3.4 Comparison Between 20-Tonne and 30-Tonne Rock Bolts

3.4.1 Shear Behaviour Profile

The following comparative analysis outlines the similarities and differences between the shear performance of the 20-tonne and 30-tonne rock bolt types. As the results of the 20-tonne 0 kN pretension rock bolts have been discarded, the comparison has been conducted on the 10 kN samples for both 20-tonne and 30-tonne rock bolts. Comparing the elastic region across the 20-tonne and 30-tonne samples, it was evident that the elastic region observed for each bolt type was similar with respect to both plotted profile as well as their peak elastic forces. Both samples transitioned into the strain-softening stage at approximately 38 kN, as highlighted in Fig. 23a. However, these elastic regions presented with differing gradients suggesting dissimilar strain responses.
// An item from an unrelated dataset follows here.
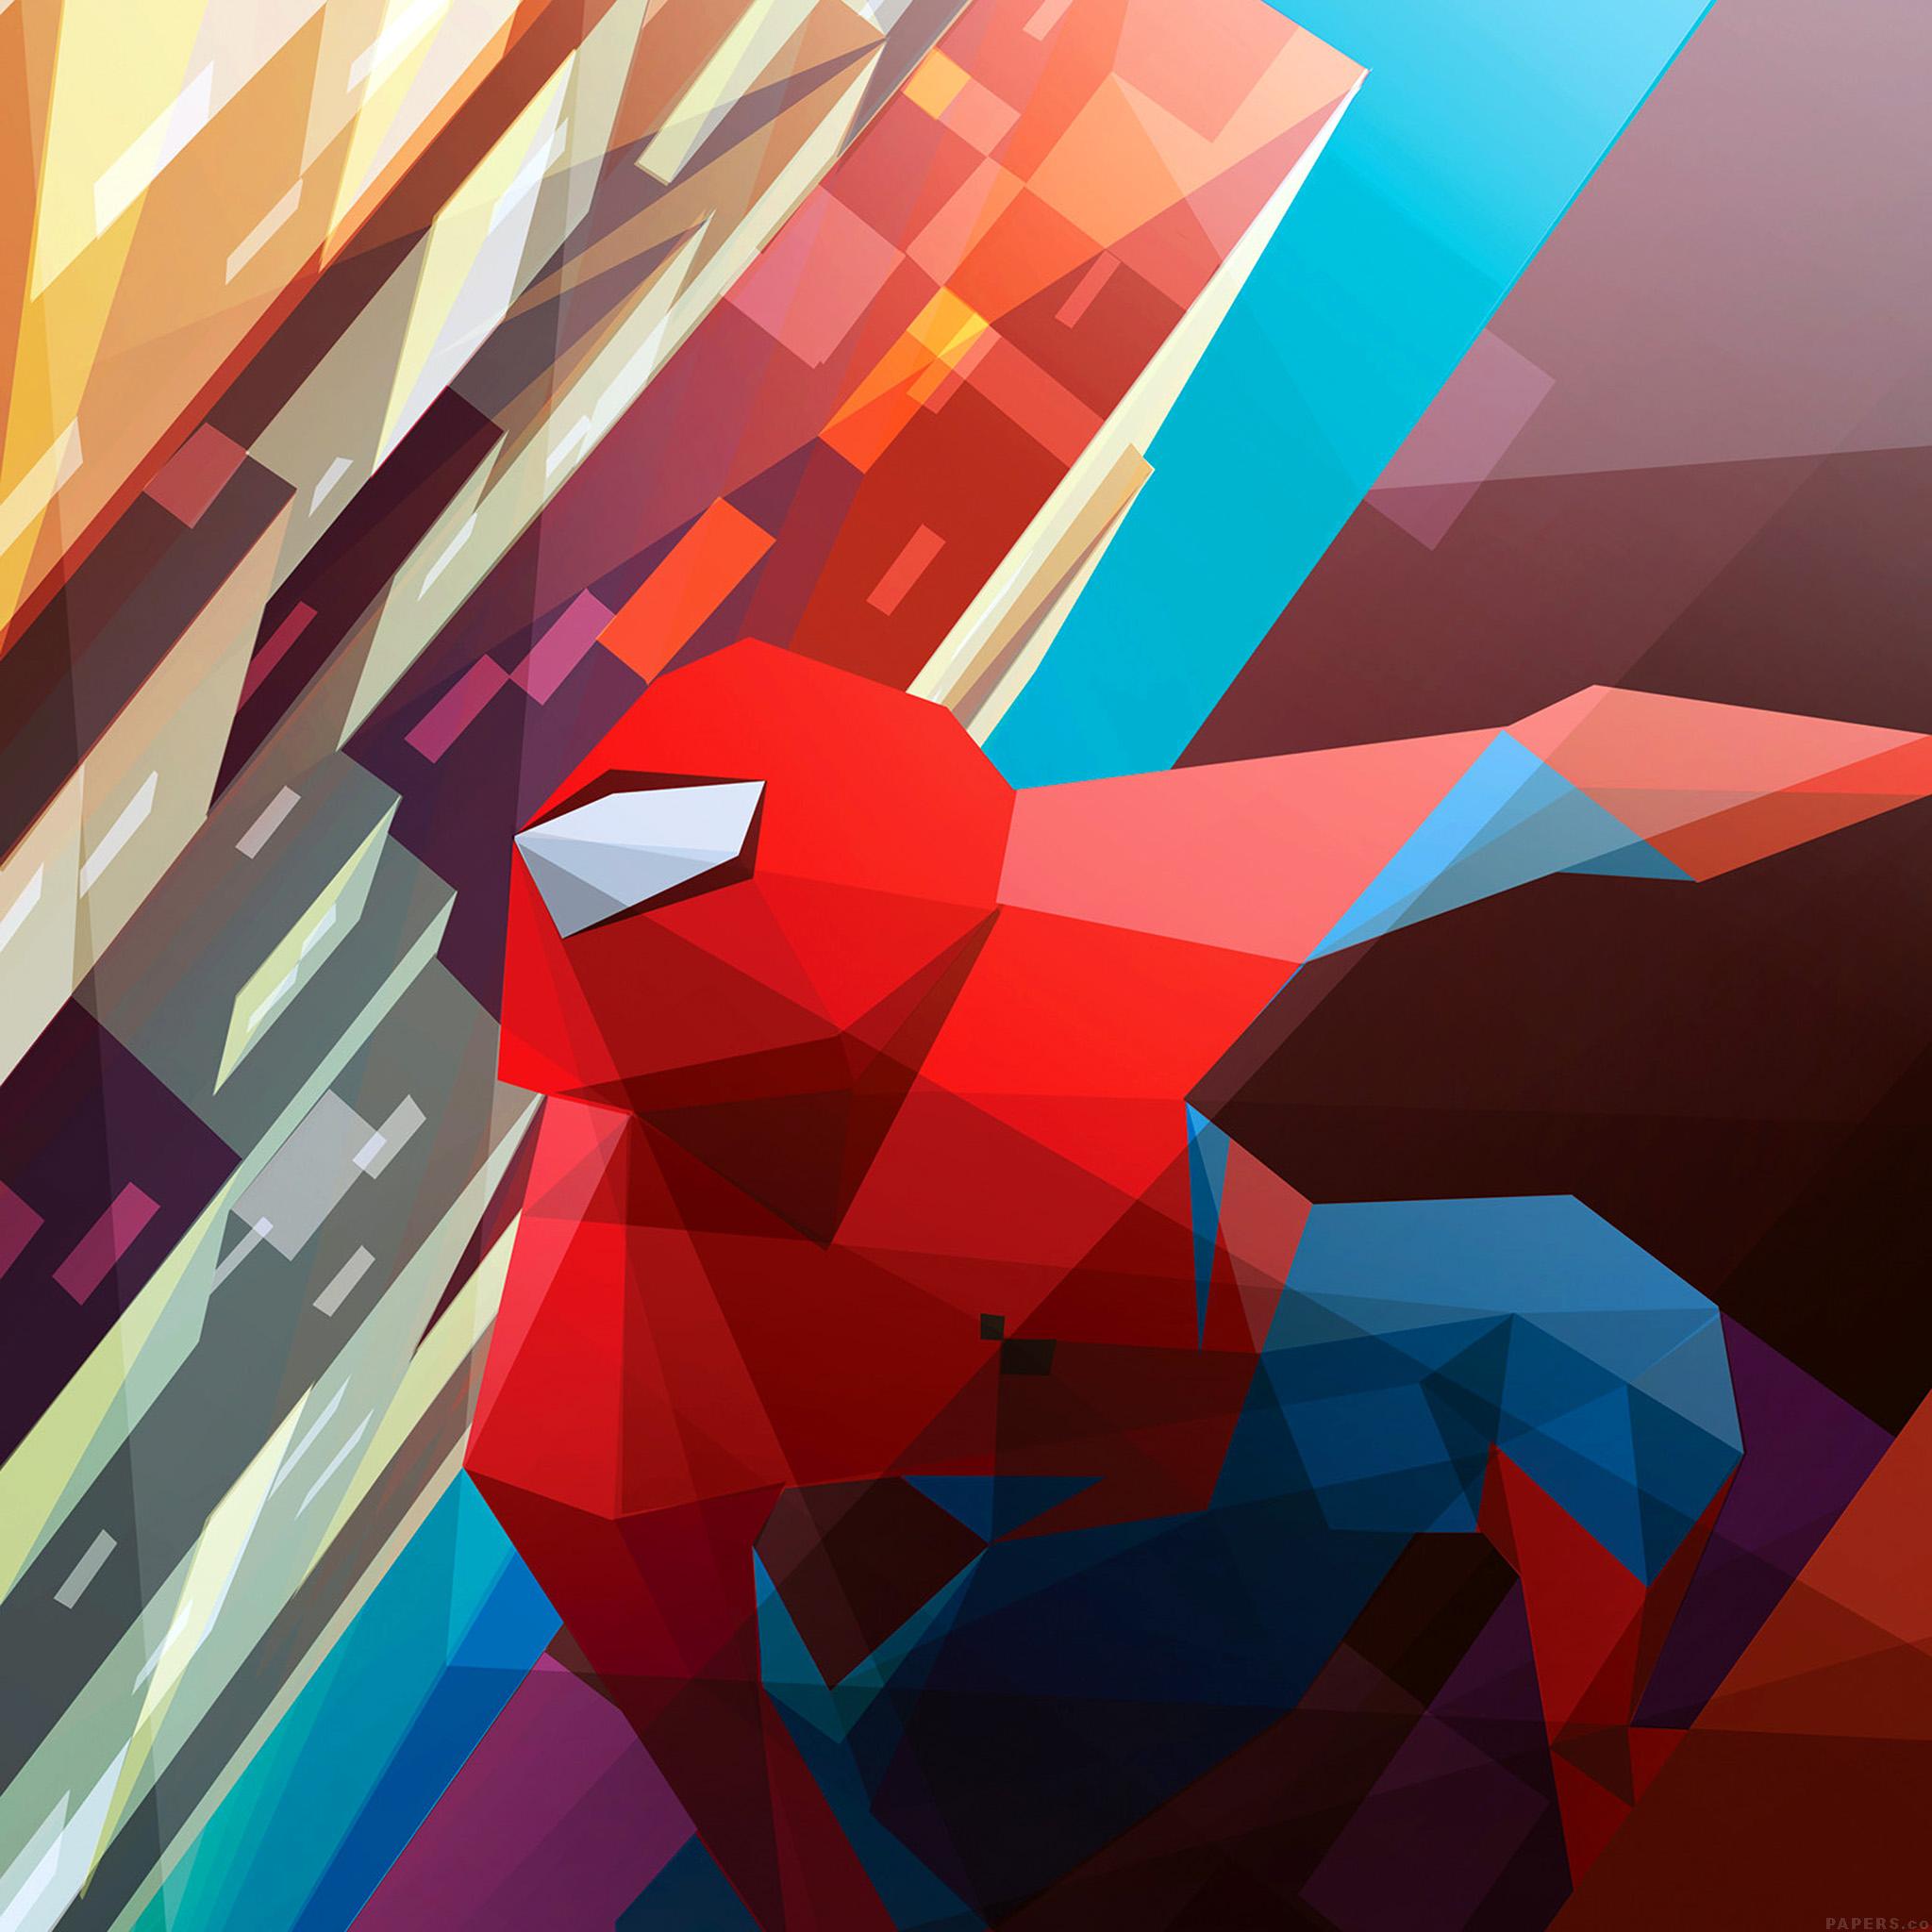 Cute Marvel Iphone Wallpaper Wallpapers

The profile for the elastic region of the 20-tonne rock bolts consistently recorded a gradient of approximately 88°, somewhat steeper than the 0 kN and 10 kN pretension 30-tonne rock bolts which recorded gradients of approximately 86°, as highlighted in Table 4. This suggested that the 20-tonne rock bolts experienced a stiffer response to shear forces. The gradients observed over the elastic region of the 20-tonne samples were all greater than the gradients of the 30-tonne rock bolts. However, samples with a pretension of 15 kN and higher recorded similar results of 88.1° and 88° for the 20-tonne and 30-tonne samples, respectively. Similar to the elastic region, the strain-softening stage of the shear profile demonstrated a stiffer response to shearing for the 20-tonne samples than the 30-tonne samples, except for the 15 kN pretension samples. As highlighted in Table 4, the 20-tonne 15 kN pretension sample experienced a negligible decrease in a gradient from the 10 kN sample, while in the same scenario, the 30-tonne sample experienced a gradient increase of 2.9°, suggesting that the 30-tonne 15 kN sample had a stiffer strain-softening region than the equivalent 20-tonne sample. Unlike the previous two stages, the final failure stage did not record an interference from changes in pretension, resulting in uniform gradients across each pretension. In the case of the 20-tonne samples, each failure zone presented with increased gradients to that of the 30-tonne samples.

Fig. 23

Shear profile comparison of 20-tonne and 30-tonne rock bolts

Table 5 shows that the peak shear forces achieved by the 20-tonne samples subjected to pretensions of 10 kN, 15 kN, and 20 kN varied by approximately 3 kN, while the equivalent 30-tonne samples recorded a variance of approximately 6 kN. In addition to differences in stiffness, this resulted in the 30-tonne samples achieving greater displacements at failure. While the 30-tonne 0 kN pretension drastically outperformed all the other samples for peak shear, it also achieved the greatest peak displacement. However, the peak displacements achieved by the 30-tonne samples at a low pretension declined faster with each increase in pretension as opposed to the 20-tonne samples, at which point the 30-tonne 15 kN and 20 kN pretension samples matched the displacements of the 20-tonne samples. The reduced peak shear force of the 30-tonne samples could be attributed to the differences in fibre density and resin composition. Further analysis would be required to determine the correlation between shear strength and rock bolt designs optimised for tensile capacity. While there was an observed decrease in peak shear force for the 30-tonne 0 kN pretension to the 10 kN pretension, it is impossible to comment on potential similarities to the 20-tonne samples as the 0 kN sample was discarded due to inconsistencies. The 20-tonne and 30-tonne samples presented similar shear displacement trends with each increase in pretension. As identified in Table 5, each rock bolt type experienced a decrease in shear displacement when the pretension was increased. Finally, as previously shown in Table 4, the 20-tonne and 30-tonne samples exhibited similar hinge point trends as well as similar recorded values. It was observed that increasing the pretension resulted in incremental increases in bending at the hinge point post-failure. Both samples experienced hinge point bending ranging from approximately 10° to 14°. It was impossible to determine an exact value for the hinge point bending as some of the less damaged strands recovered slightly after failure; therefore, an average value was determined over the width of the failure zone.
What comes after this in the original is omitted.